South Lake High School Service-Learning Program
Lake County
This
dynamic vision for youth in service began in 1993, with Evelyn Robinson
leading an after-school community service program at Groveland’s
South Lake High School in Lake County. By 2001, her vision expanded to
a network of 27 student designed service-learning projects, involving 2,800
students and 25 in-classroom partnerships with teachers.

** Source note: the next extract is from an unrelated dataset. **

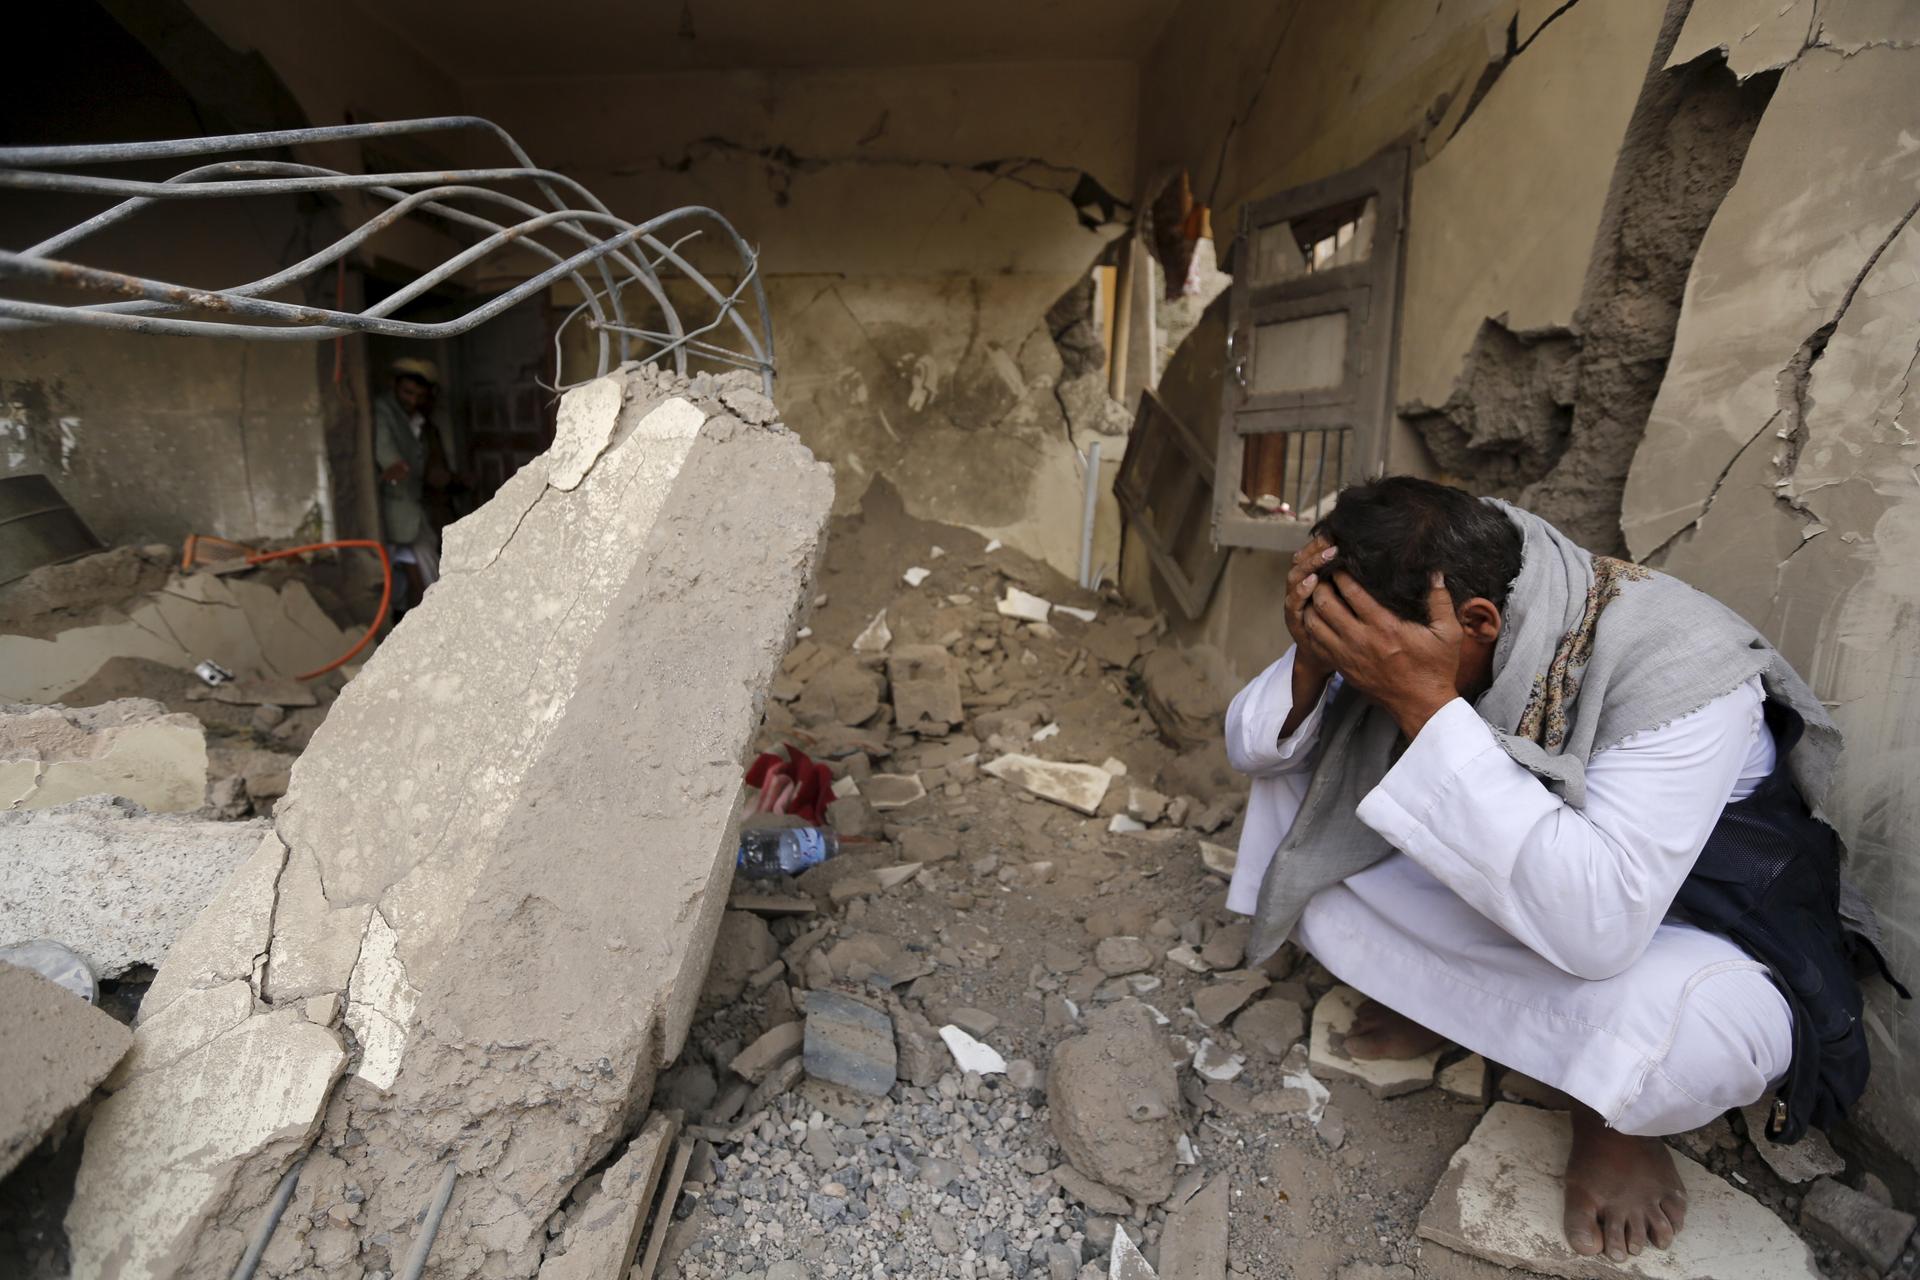 A man who lost his relatives in a Saudi-led air strike cries at the site of the air strike in Yemen's capital Sanaa September 21, 2015.

The South Lake program consists of student volunteers who engage at various
levels of the design, leadership and tracking of dozens of service-learning
initiatives. Students participate in trainings that promote teamwork, leadership
and creativity before leading workshops for other students on the development
of individual projects. Completely owned by
the students, each project’s facilitators develop agendas, determine
leadership roles, produce materials, document outcomes, forge community
and business partnerships, provide logistical support to projects and throw
much-deserved celebrations at the completion of each one. In this model,
students are assigned to help teachers in their project development and
execution as part of their leadership classes. This approach provides the
program with the key to its scale and success.
Students
are empowered as partners in the entire process, from in-classroom training
to the implementation of service. Designed to distribute much of the instructional
load from already overburdened teachers to excited and engaged youth, the
South Lake High School program is innovation at its best. Past projects
have included ESE art students making bowls in cooperation with Empty Bowls,
a homelessness action group. At-risk and traditional students have built
parks and gazebos, made flower arrangements to deliver to local nursing
home facilities, and improved community spaces with several murals. students
have been invited to speak and provide trainings all over the world, including
Lithuania, Spain, and at this year's National Service-Learning Conference
in Denver. This is truly a program whose singular goal is to empower youth
and challenge them to succeed. Ms. Robinson's vision has been to give students
the authority and skills to be thoughtful, successful citizens, and she
adds “the more you expose kids to serving others, the more they see
they are worth something”.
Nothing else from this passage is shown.